Deepening contraction in core sector growth comprising eight infra sectors in October after nearing zero mark in September had raised questions on sustainability of the normalization process in the economy

Out of the ₹1.05 trillion revenue collected in November, central GST is ₹ 19,189 crore, state GST is ₹ 25,540 crore, IGST is ₹ 51,992 crore and cess is ₹8242 crore. (Mint)Premium
Out of the 1.05 trillion revenue collected in November, central GST is 19,189 crore, state GST is 25,540 crore, IGST is 51,992 crore and cess is 8242 crore. (Mint)

India’s manufacturing activity remained robust a month after touching decadal high and indirect tax collections scaled 1 trillion mark for the second consecutive month in November, signaling recovery process in Asia’s third largest economy may still be on track.

Deepening contraction in core sector growth comprising eight infra sectors in October after nearing zero mark in September had raised questions on sustainability of the normalization process in the economy.

Data released by the analytics firm IHS Markit on Tuesday showed Purchasing Managers’ Index (PMI) for manufacturing sector fell to a three month low at 56.3 from an over 12 year high of 58.9 in October but remained strong.

A figure above 50 indicates expansion, while sub-50 signals contraction.

Separately, the finance ministry data showed Goods and services tax (GST) revenue of the central and state governments touched 1.05 trillion for the second month in a row, growing 1.4% from the revenue collected in same month a year ago, after the sharp decline in the initial months following the nationwide lockdown.

After showing year-on-year contraction in the April to August period, GST receipts showed a positive trend in September, which got pronounced in October, indicating that the economic recovery is on in line with the lifting of lockdown restrictions.

According to PMI data, factory orders, exports, buying levels and output saw slow recovery while pandemic related restrictions caused a further drop in payroll numbers. Input costs and output charges rose at accelerated rates that nevertheless remained below their respective long-run averages.

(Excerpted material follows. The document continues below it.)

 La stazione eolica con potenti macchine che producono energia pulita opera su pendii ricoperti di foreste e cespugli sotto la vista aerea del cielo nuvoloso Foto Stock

Pollyanna De Lima, economics associate director at IHS Markit said the softening of rates of expansion seen in the latest month does not represent a major setback, since these are down from over decade highs in October, a spike in COVID-19 cases and the possibility of associated restrictions could undermine the recovery. “For now, firms are projecting sustained demand growth in the near-term and responded to this by lifting input buying to increase their safety stocks. Employment remained in contraction territory with companies reportedly keeping the minimum possible number of workers as per government guidelines." She added.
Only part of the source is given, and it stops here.